Она склонилась к котятам, не желая пока вдумываться в вопрос сестры.
– Иди спать, Фредерика. Мне всю ночь еще сидеть, я пока капельку вздремну. Иди спать.
5. Дэниел
Когда Дэниел своим ключом открыл дверь, снаружи уже стемнело, а в доме викария не горело ни одно окно. Было не так уж поздно, но миссис Элленби была скуповата на свет и тепло. В пролете викторианской лестницы прохладной колонной высился сумрак. Дэниел, давно привыкший, тихими шагами проложил путь меж опасных выступов стоячей вешалки и черного дубового сундука, избежал неверных под ногой истрепанных турецких дорожек и направился к кабинету хозяина.
Вот они, призраки роскошеств. Тяжеленный стол с доской, обтянутой кожей, пара чернильниц граненого стекла с серебряными крышечками, вольтеровское, темной кожи кресло, и за стеклами шкафа – стена книг в кожаных переплетах. В афганском ковре протоптано несколько дорожек: черно-золотой с искрами узор истерся до безымянной мешковины. Комната убиралась с чем-то похожим на страсть, но в ее стерильных пределах широко расплывалось дыхание нарцисса, пышно и нежно веяла фрезия. В неглубоком круглом китайском блюде с серебристым бликом по черному лаку бледно виднелась композиция из цветочных головок. Пунцовые и лиловые чашечки анемонов, подснежники с зеленым кантом, пергаментные нарциссы, бледно-золотые фрезии лежали на воде, и тени их красок отражались в ней.

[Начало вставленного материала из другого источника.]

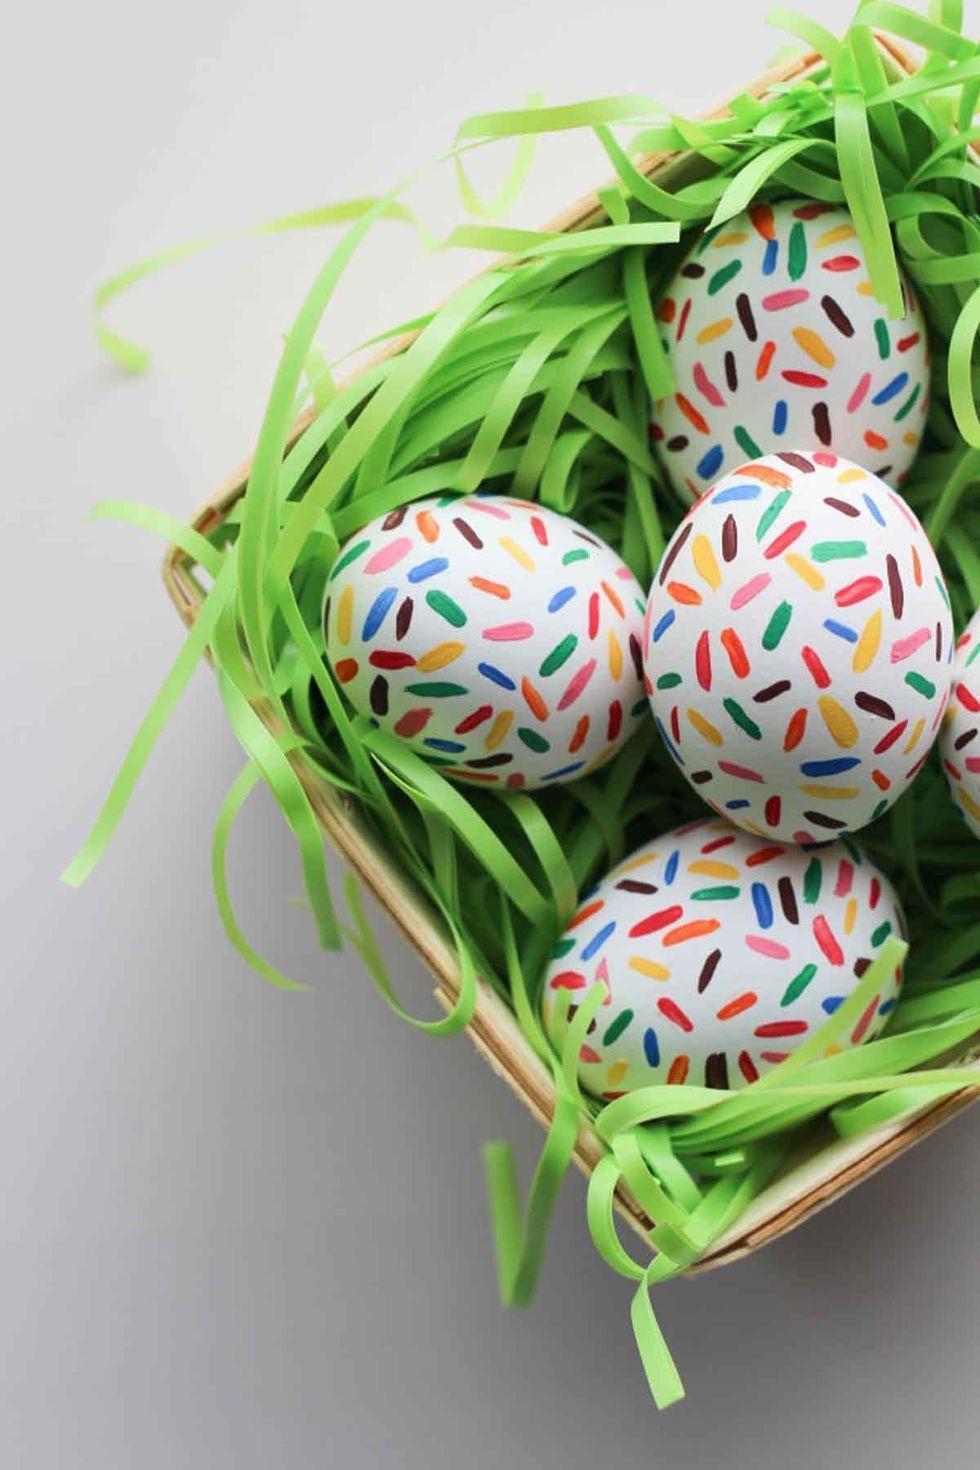 Kreasi Telur Paskah : kreasi, telur, paskah, Dekorasi, Telur, Paskah, Abis,, Ditiru

То было ежедневное приношение мисс Уэллс, старшей коллеги Стефани, давно и преданно снимавшей комнату у викария. Потревожив цветы, Дэниел включил настольную лампу. Его мать говорила, что опасно оставлять цветы на ночь в комнате. Когда отец умер и лежал мертвый, она каждый вечер переносила все вазы в судомойный чуланчик и тесно составляла в сколотой глиняной раковине кровяного цвета. Цветы выдыхают какой-то ядовитый газ – так ей сказали сестры в больнице. Дэниел воспоминание отогнал, взял библиотечную лесенку и стал изучать книги в шкафу.
Полный Шекспир, черно-золотой, обнаружился на верхней полке. Стеклянная дверца была заперта. Дэниел посмотрел, не торчит ли ключ в какой другой дверце. Ключа не было. Он грузно спустился с лесенки, в слабом кружке света осмотрел поверхность стола, открыл серебряную шкатулку, пахнущую табаком, потом деревянную, набитую скрепками и наклейками на конверты[39]. Потом, как тать в нощи, принялся рыться в ящиках, обнаруживая маленькие клады монеток, резинок, старых самодельных крестиков для Вербного воскресенья. Наконец, приведенное в движение тайной пружинкой в одном ящичке, выехало в другом скрытое отделение, и Дэниел обрел, что искал: позолоченное кольцо с ключами от всевозможных хозяйственных таинств, начиная с несгораемого шкафа и кончая коробом швейной машинки. Снова забрался на лесенку, тяжело дыша, отпахнул дверцу и, разобрав наконец в полумраке надпись, спустил с полки том с «Королем Лиром». В длинном страничном желобке густо скопилась пыль. Он дунул, проследил, как опало и рассеялось облачко, потом еще протер книгу платком, замарав его черным. Мягко закрыл шкаф, тайное отделение, ящик стола, дверь кабинета и отправился наверх.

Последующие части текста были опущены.